_Your task_
Everything from the line containing "Pineapple Clipart Black And White - Heraldic" down to the last line below should be set down exactly, and only that, without the pictures.

··· Raw data

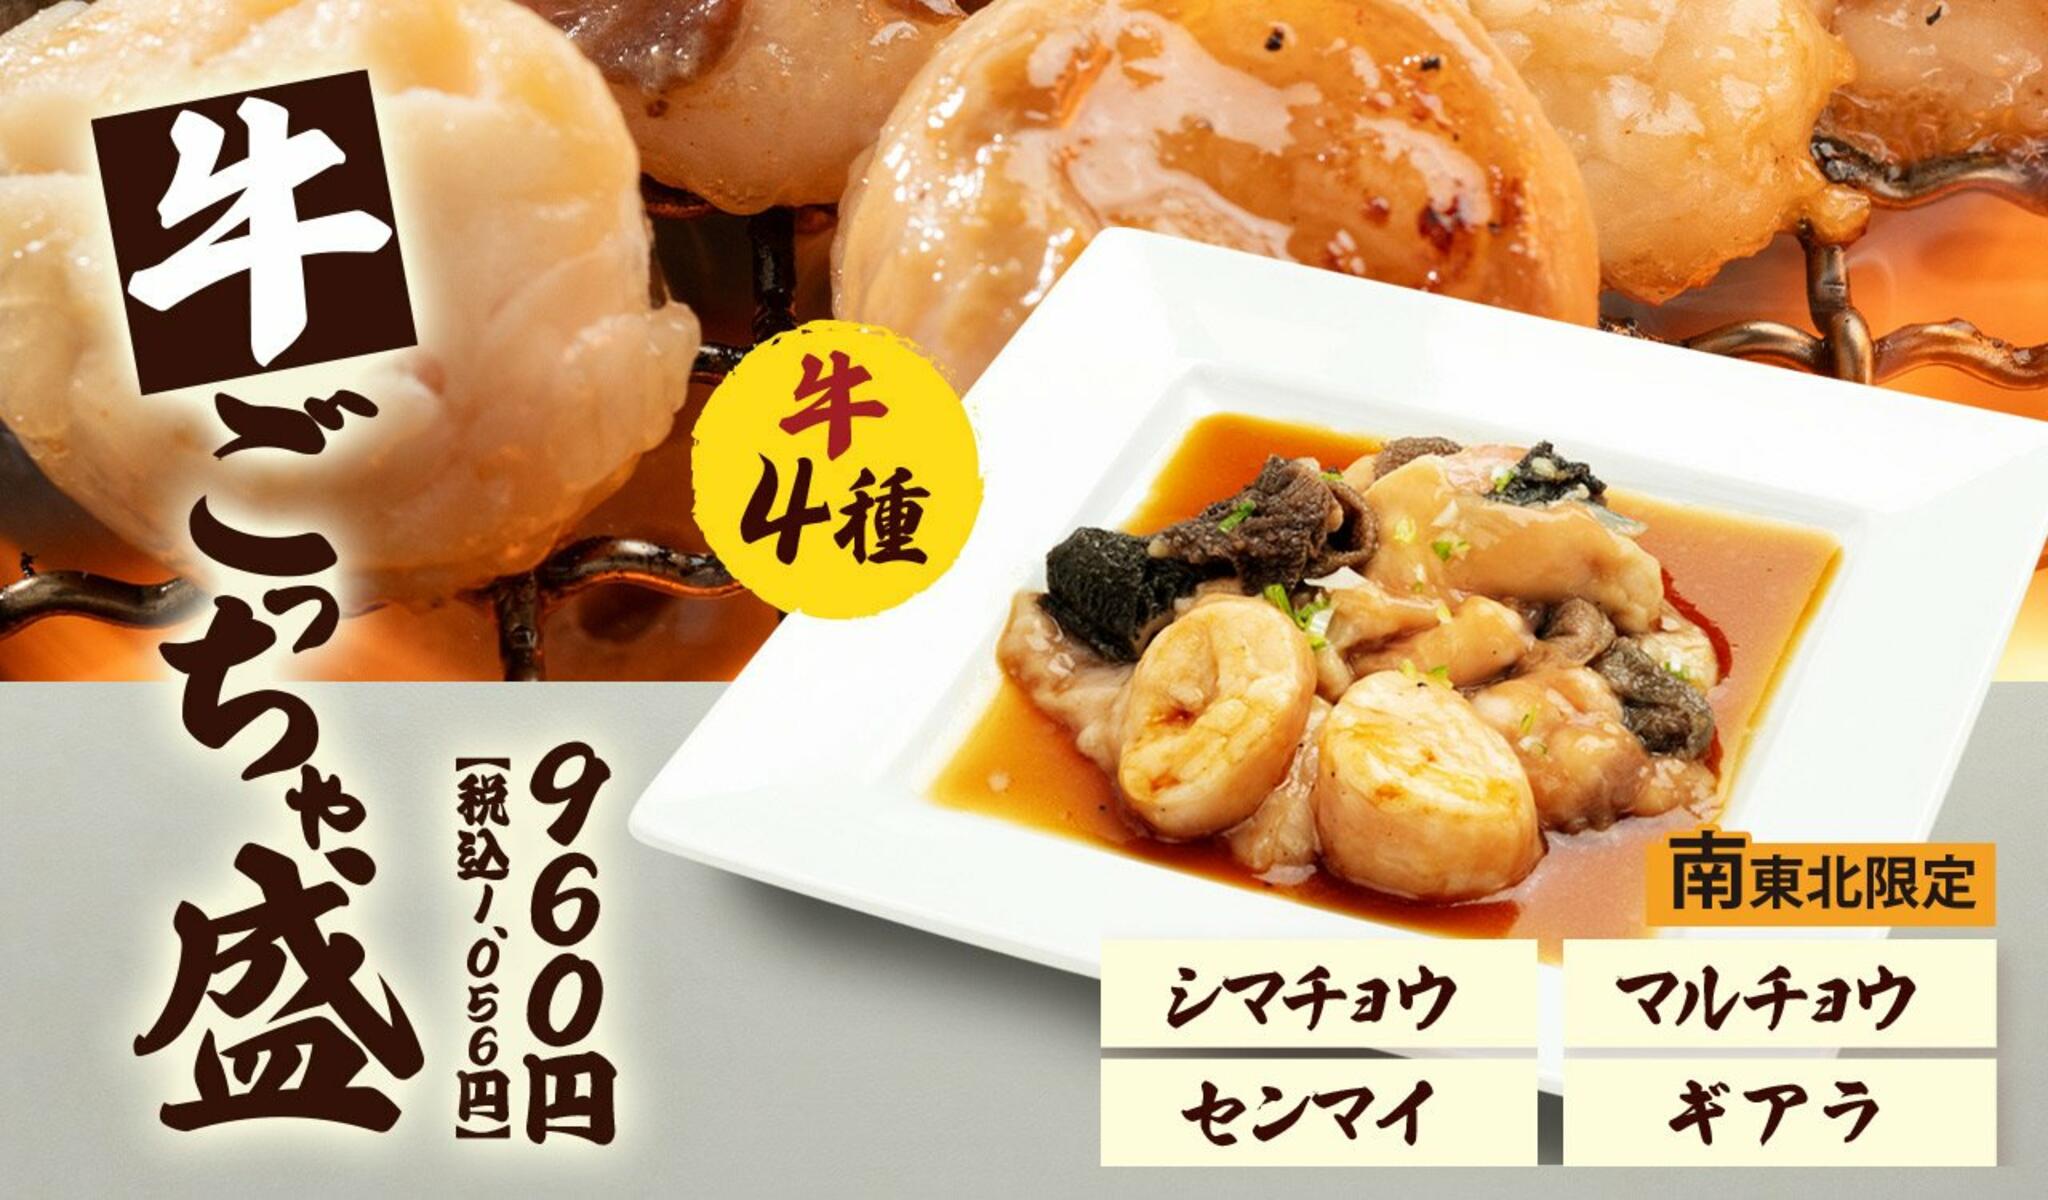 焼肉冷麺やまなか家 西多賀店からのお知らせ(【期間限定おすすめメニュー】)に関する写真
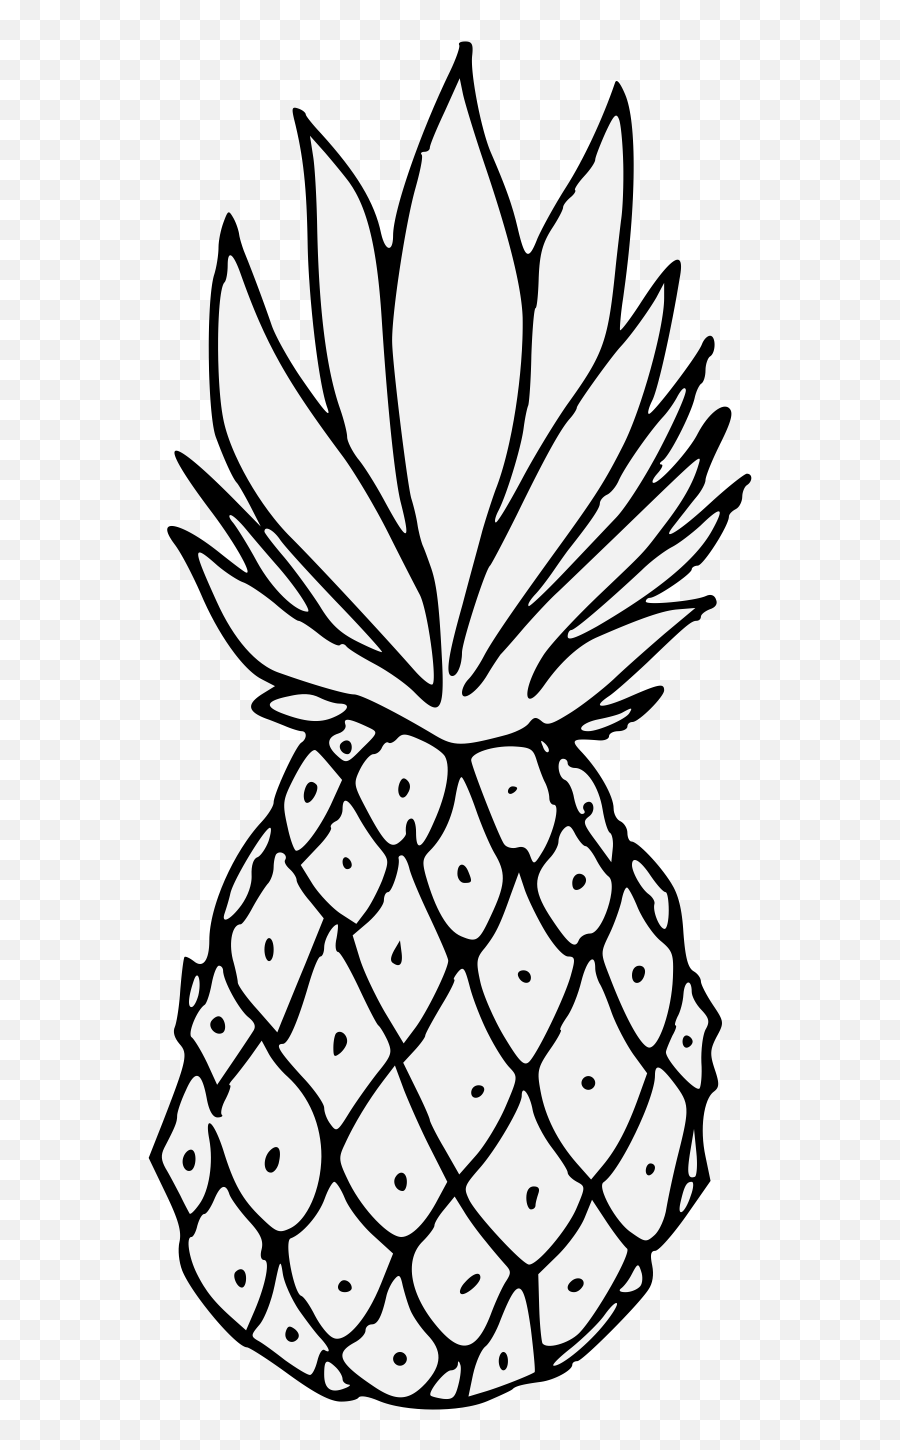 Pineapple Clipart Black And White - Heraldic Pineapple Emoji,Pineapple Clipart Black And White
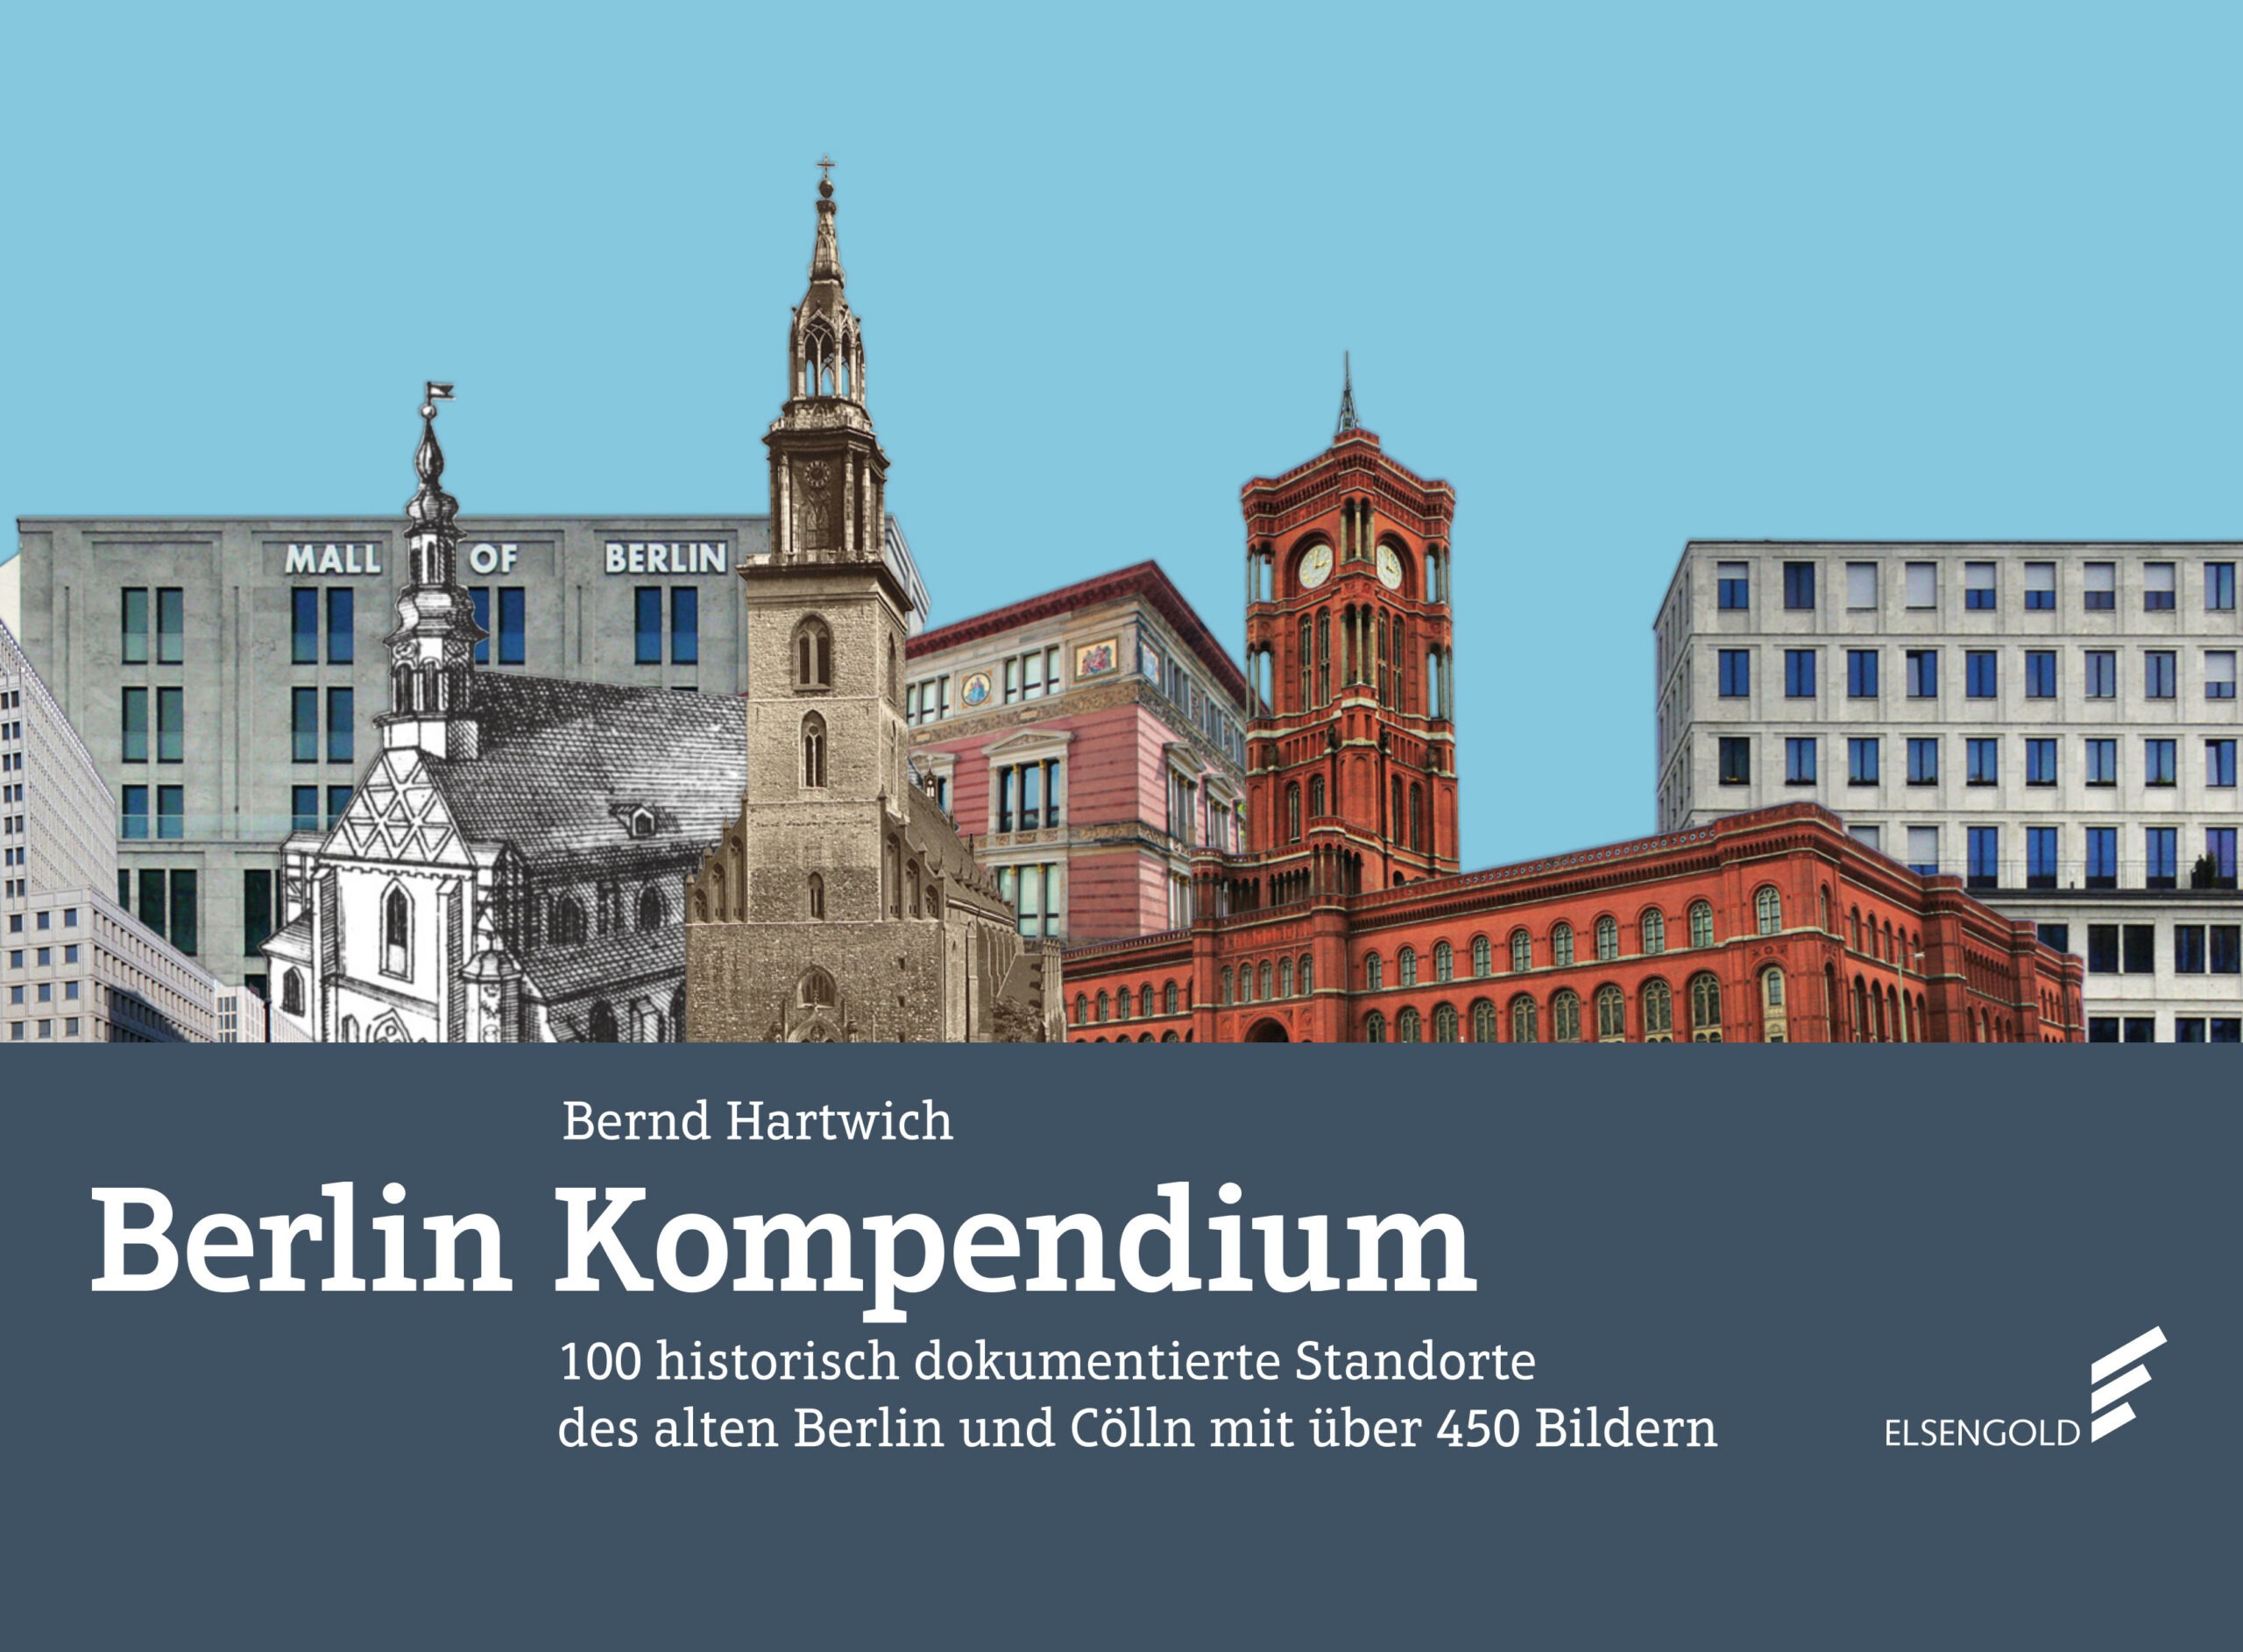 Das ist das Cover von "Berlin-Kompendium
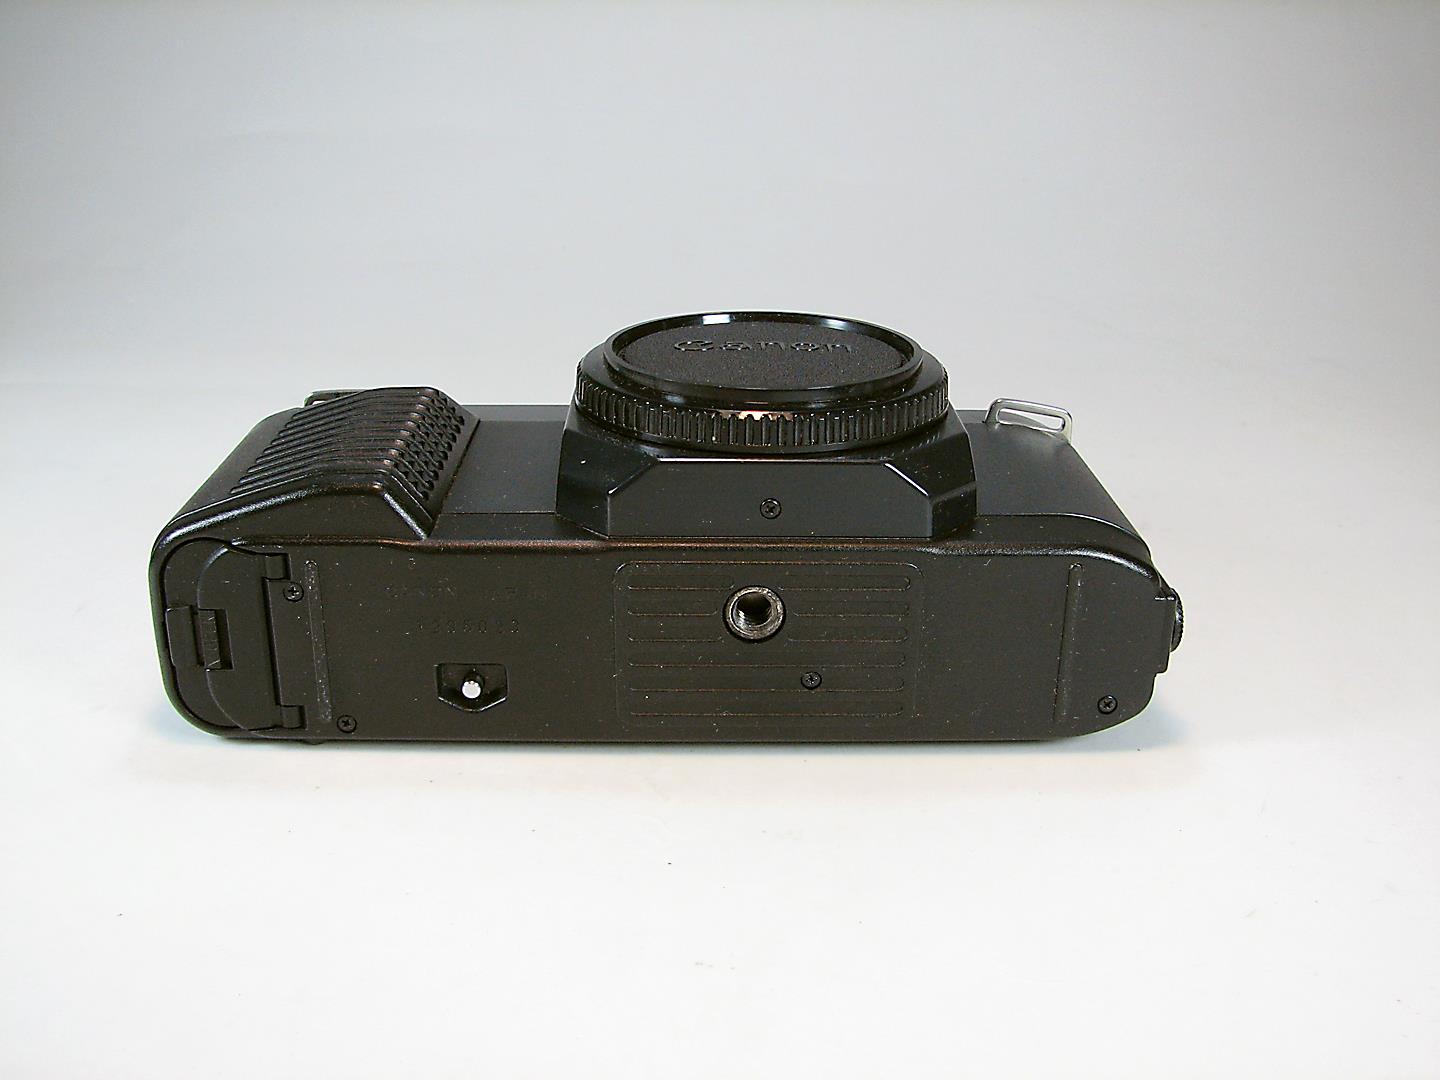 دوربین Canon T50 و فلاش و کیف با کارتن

······

_Finished exercise_
 Pineapple Clipart Black And White - Heraldic Pineapple Emoji,Pineapple Clipart Black And White
 Das ist das Cover von "Berlin-Kompendium
 دوربین Canon T50 و فلاش و کیف با کارتن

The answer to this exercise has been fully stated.